= Beginning of Section =
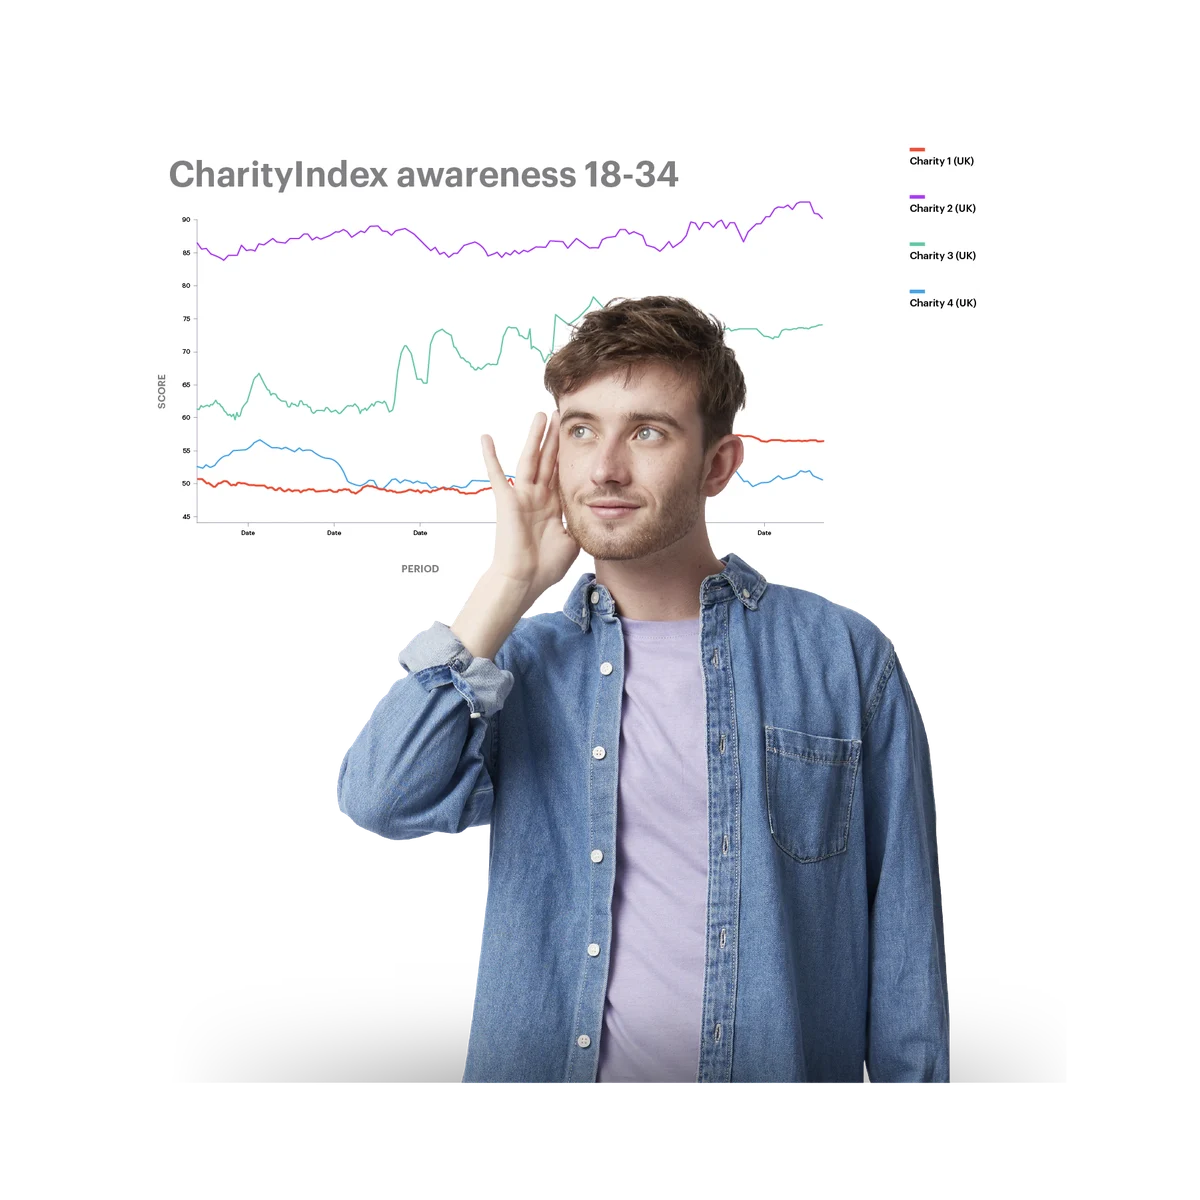 man with jean shirt and a charityindex data in the background
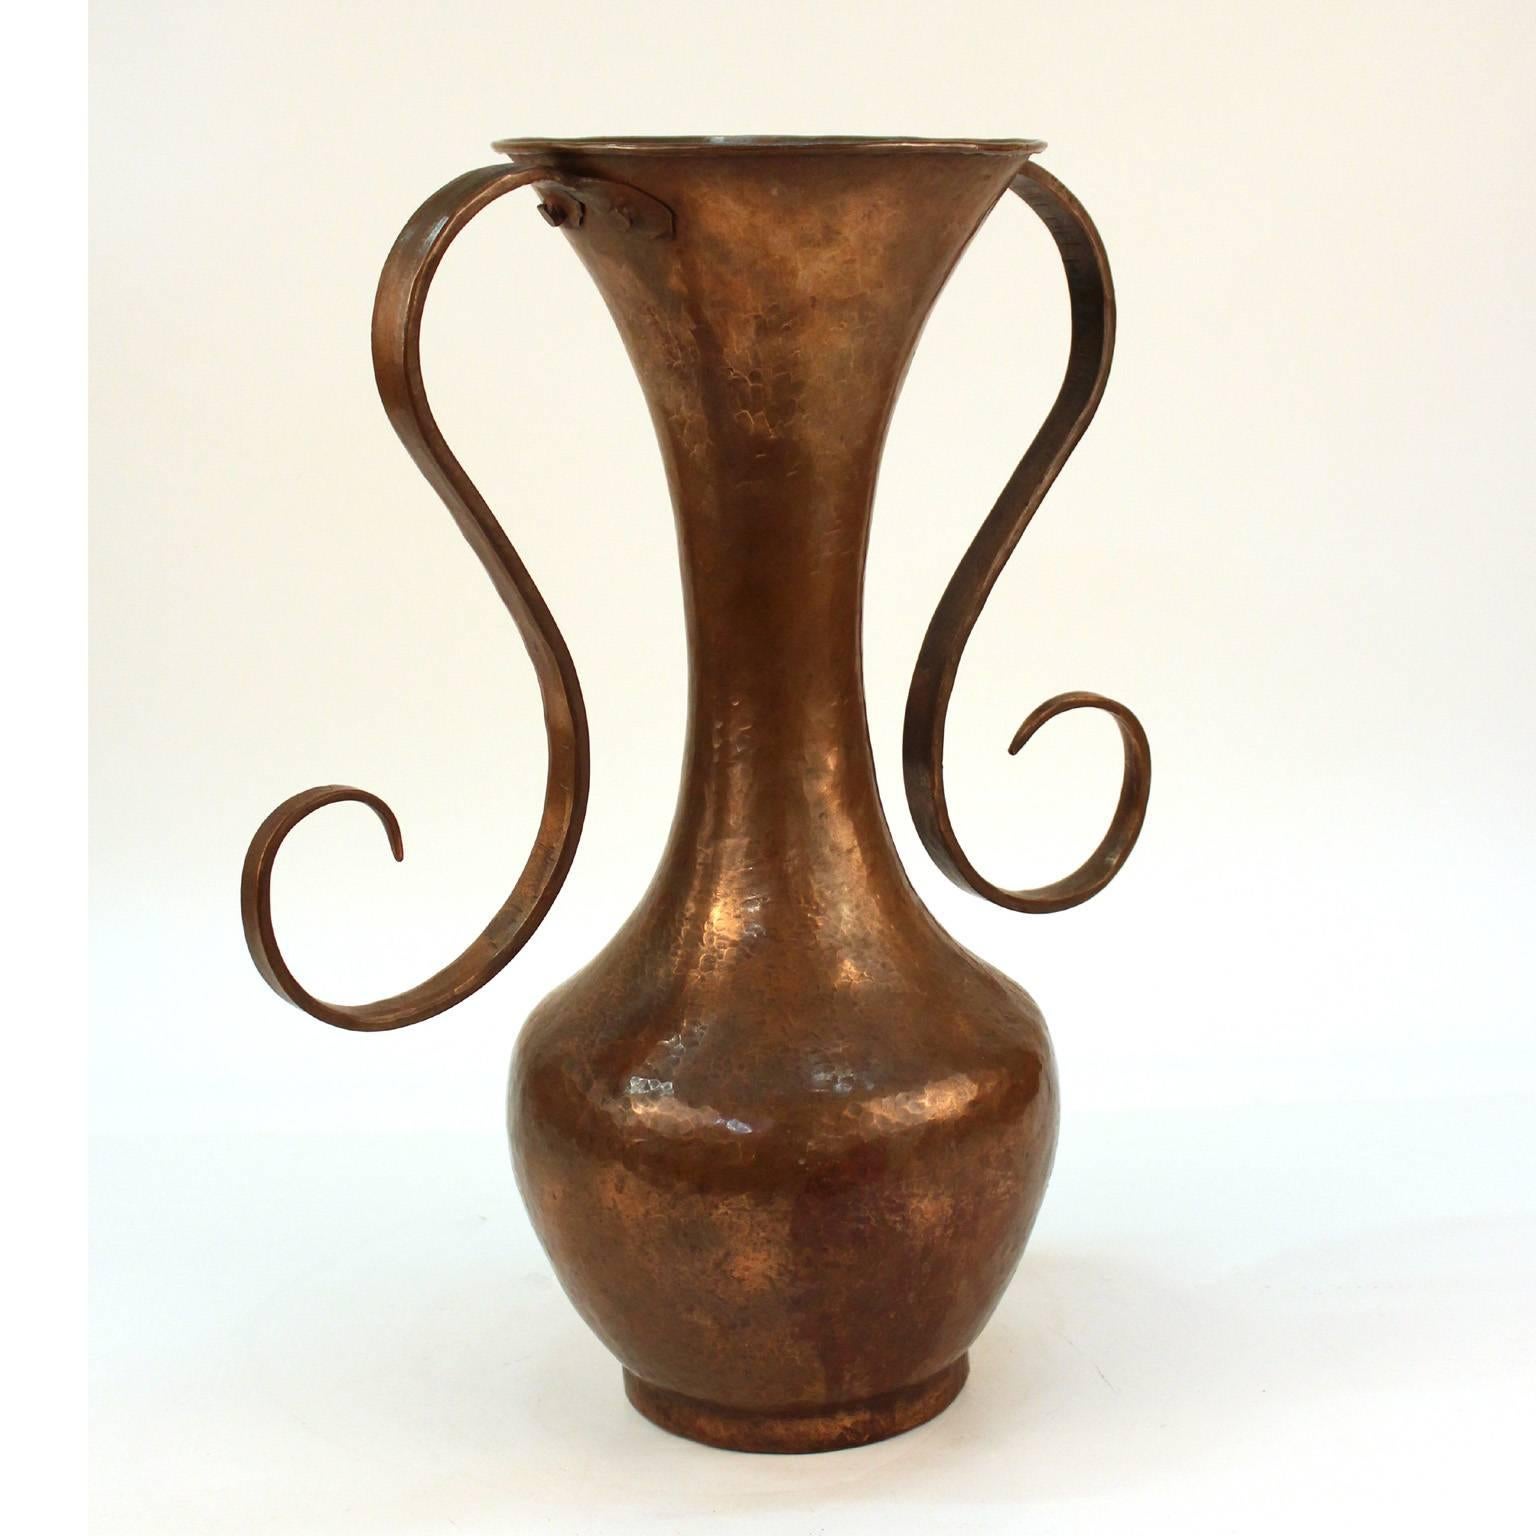 An Italian modernist hand-hammered copper vase with swirling handles, made during the 1920s. Good original patina; unsigned.
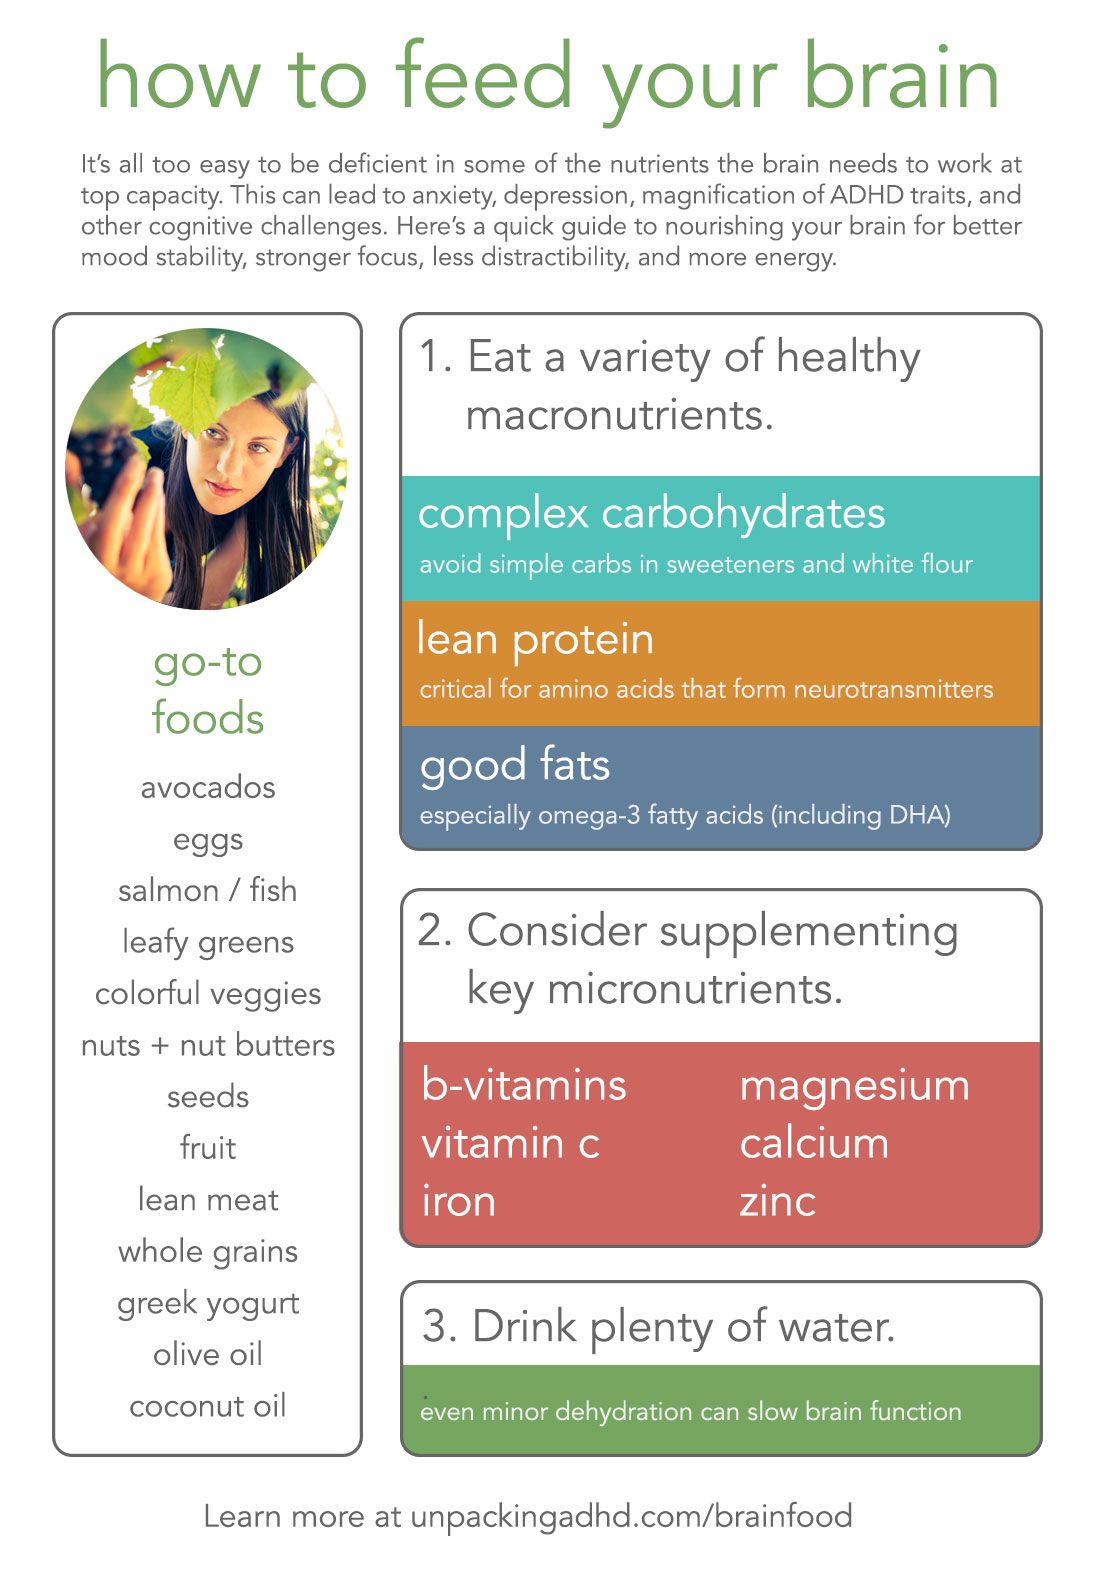 ADHD Brain Food - New Ebook and Free Infographic
= End of Section =
• **Prompt**: In the listing, find the line with "An Italian modernist" and retype exactly from there through the last line, both included, leaving the pictures out.

• **Exercise answer**:
 An Italian modernist hand-hammered copper vase with swirling handles, made during the 1920s. Good original patina; unsigned.
 ADHD Brain Food - New Ebook and Free Infographic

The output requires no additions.